Yes, recalculated after hypo said my ion balance was way out. Have something like 2 S2O62- + 4 H2O + RNO2 --> 6 HSO4- + RNH2
Shit, and that while wasn't on my drugs...  ::)




starlight

  • Guest
oxidation product of dithionite
« Reply #8 on: April 15, 2003, 04:53:00 PM »
when dithionite is oxidised by Fe3+ or CrO42-the oxidation product is SO32- (sulfite)

not sure what the oxidation product is when reducing nitro groups tho'.

Megatherium

  • Guest
When dithionite is oxidised by Fe3+ or ...
« Reply #9 on: April 15, 2003, 05:52:00 PM »
Dithionite is the reducing agent I'm curious about. But what is the oxidation product?

Bisulfate, HSO4- or
Sulfate, SO42-




When dithionite is oxidised by Fe3+ or CrO42-the oxidation product is SO32- (sulfite)

not sure what the oxidation product is when reducing nitro groups tho'.




It seems indeed more reasonable to expect that the oxidation product here will be SO32- instead of SO42- or HSO4-.

I can't imagine that R-NO2 would be a better oxidant than CrO42-, and has the power to oxidate the sulfur from Na2S2O4 to an oxidation state +VI (like in SO42-).  It is indeed pretty sure that the oxidation state from the sulfur in dithionite will change from +III to +IV in the oxidation half reaction.

Hence, we get for the oxidation half reaction:
S2O42- + 2 H20 --> 2 SO32- + 4 H+ + 2 e-

The reduction half reaction remains the same (cfr supra), so after multiplying the oxidation half reaction by three and adding it to the reduction half reaction, we obtain:
R-NO2 + 3 S2O42- + 4 H20  -->  R-NH2 + 6 SO 32- + 6 H+, which can be rewritten as:
R-NO2 + 3 Na2S2O42- + 4 H20  -->  R-NH2 + 6 NaHSO 3

OK, enough redox chemistry for today already.  Now, its time for a good joint  :) .

Barium

  • Guest
Thank you all
« Reply #10 on: April 15, 2003, 07:03:00 PM »
This will hopefully be very beneficial to all of us.
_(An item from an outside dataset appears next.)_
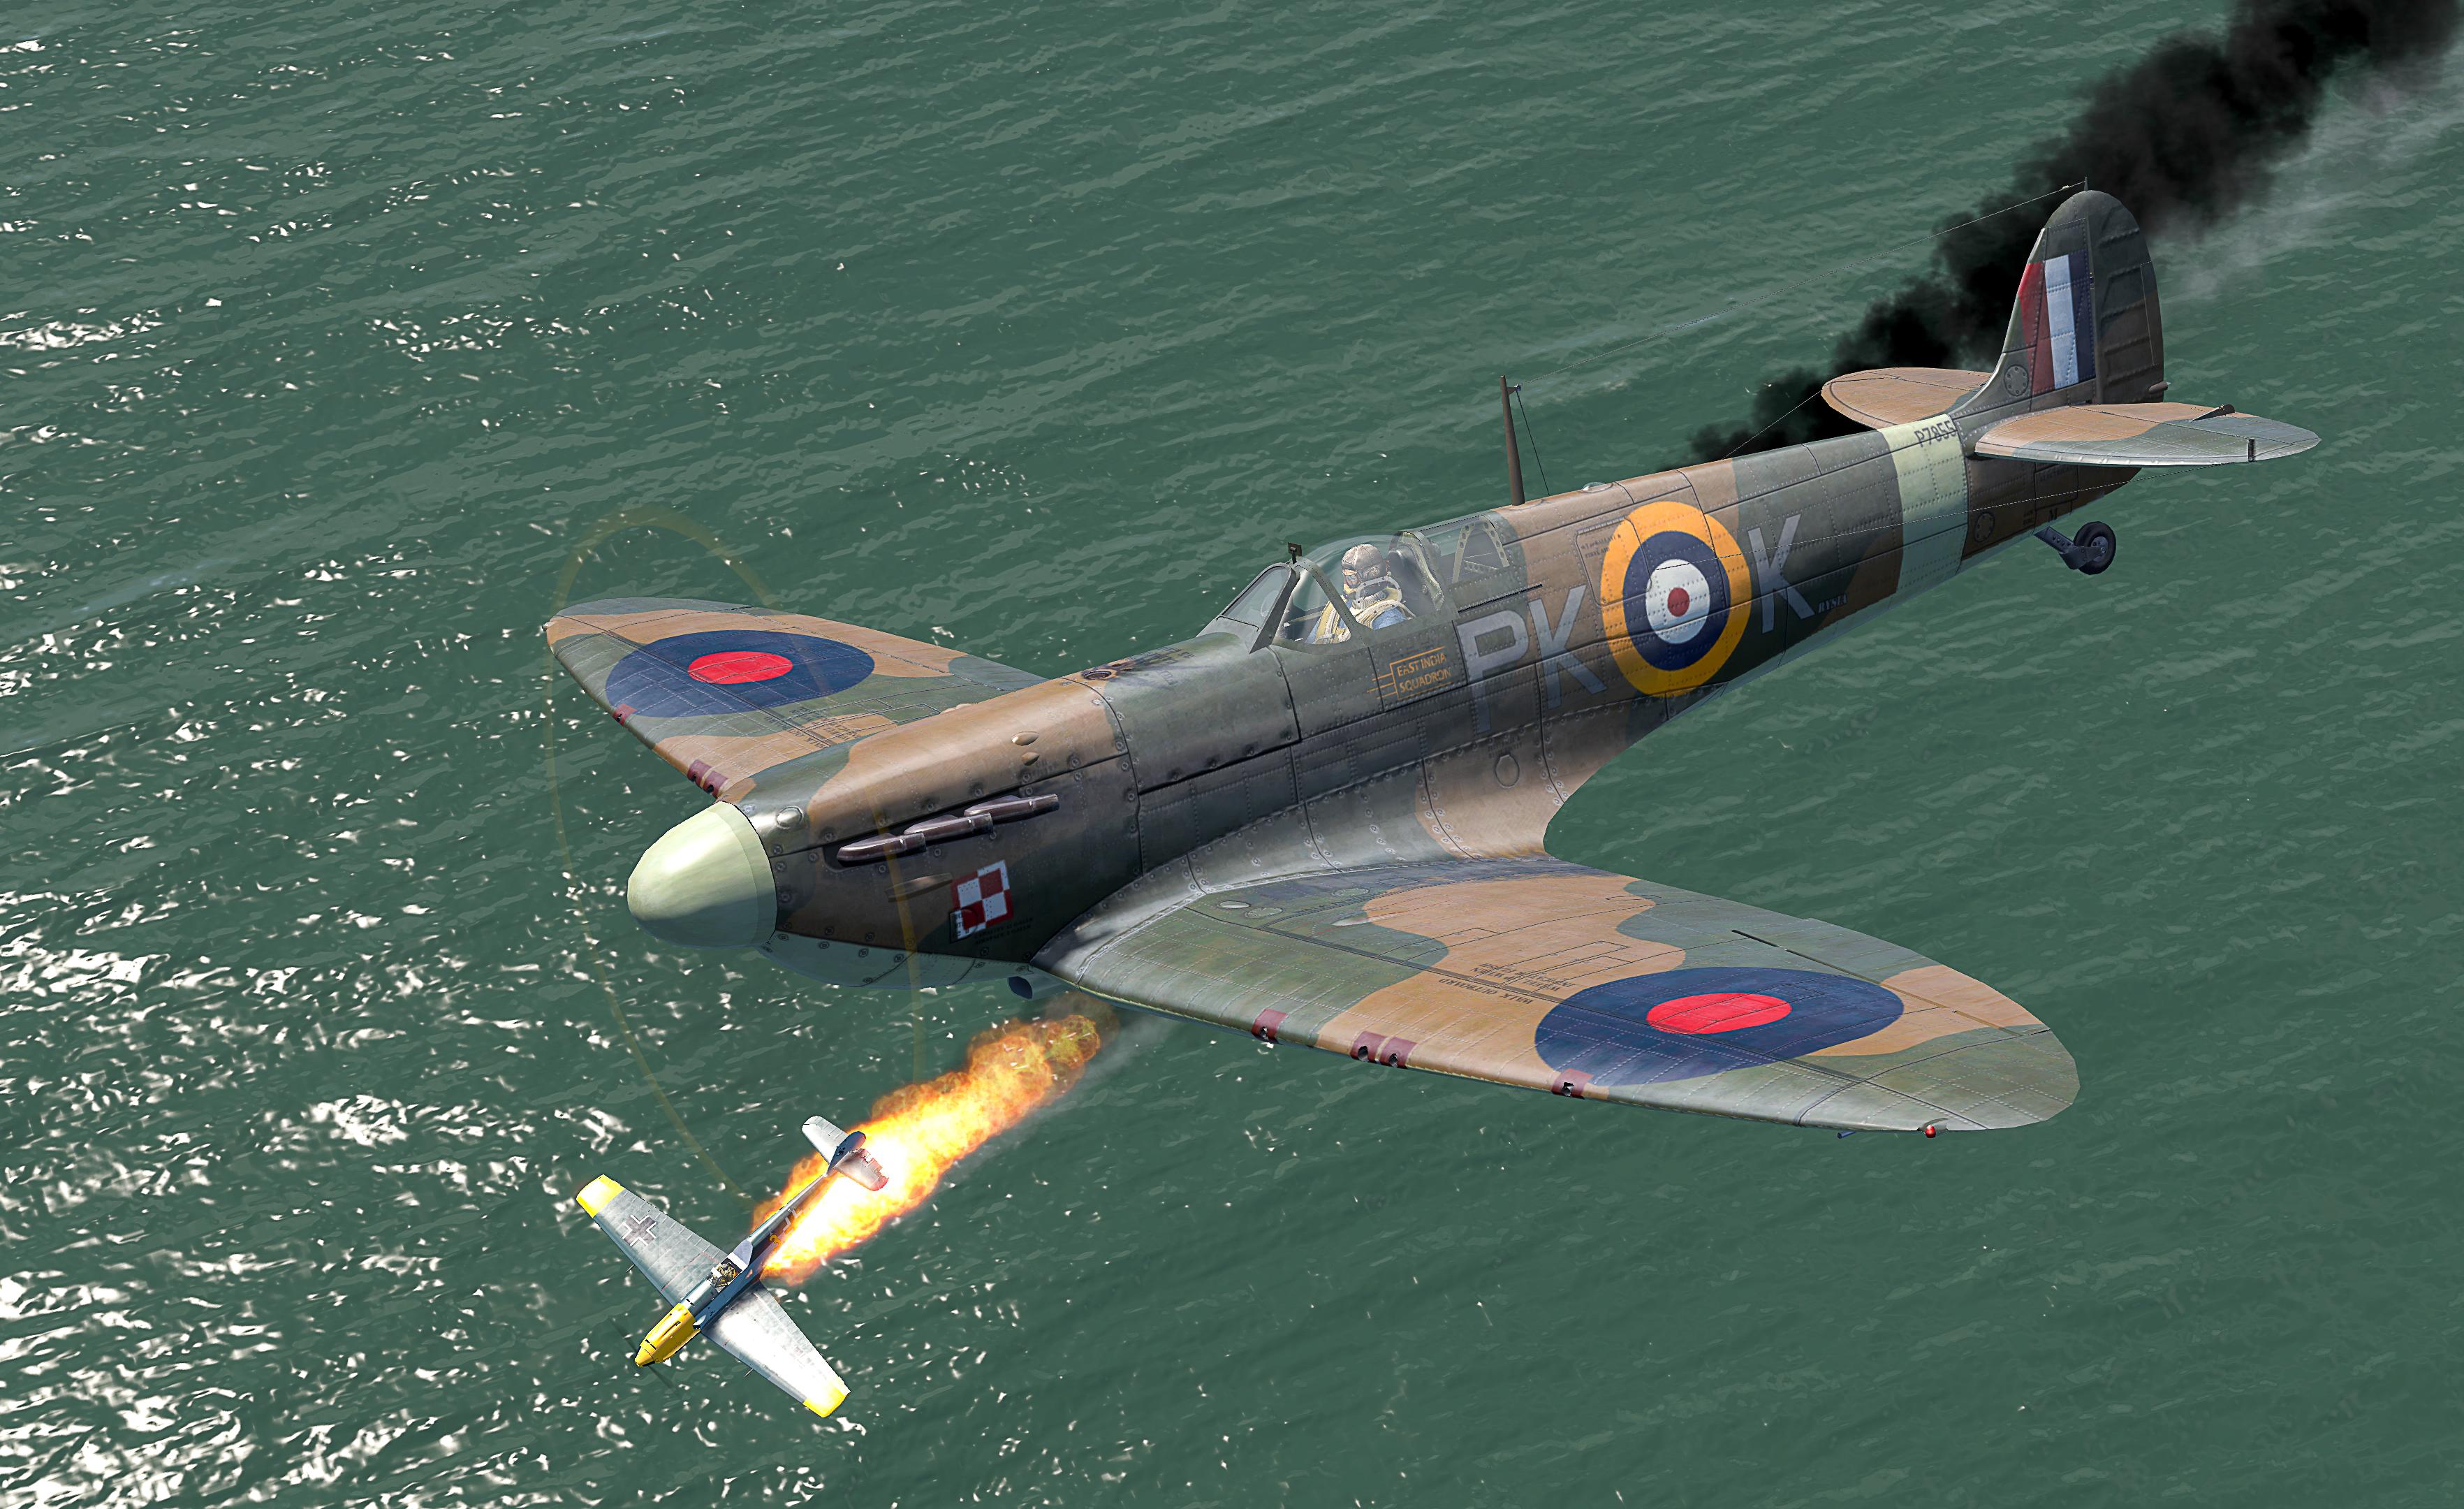 COD KF MkII RAF 315Sqn PKH P8387 Northolt England July 1941 V01

Just give me some time to get dirty in the lab  :P


Megatherium

  • Guest
No prob. Are you going to reduce a ...
« Reply #11 on: April 15, 2003, 07:53:00 PM »
No prob.  Are you going to reduce a aryl-2-nitropropane with the Na2S2O4?  That would bee rather cool  :) .

GC_MS

  • Guest
Naah
« Reply #12 on: April 16, 2003, 10:30:00 AM »
Naaaaaah, no way he is going to try that cheap OTC product on nitroalkanes  ;)  Might be nice thing if it worked. It works for phenyl-1-propanone -> phenyl-1-propanol.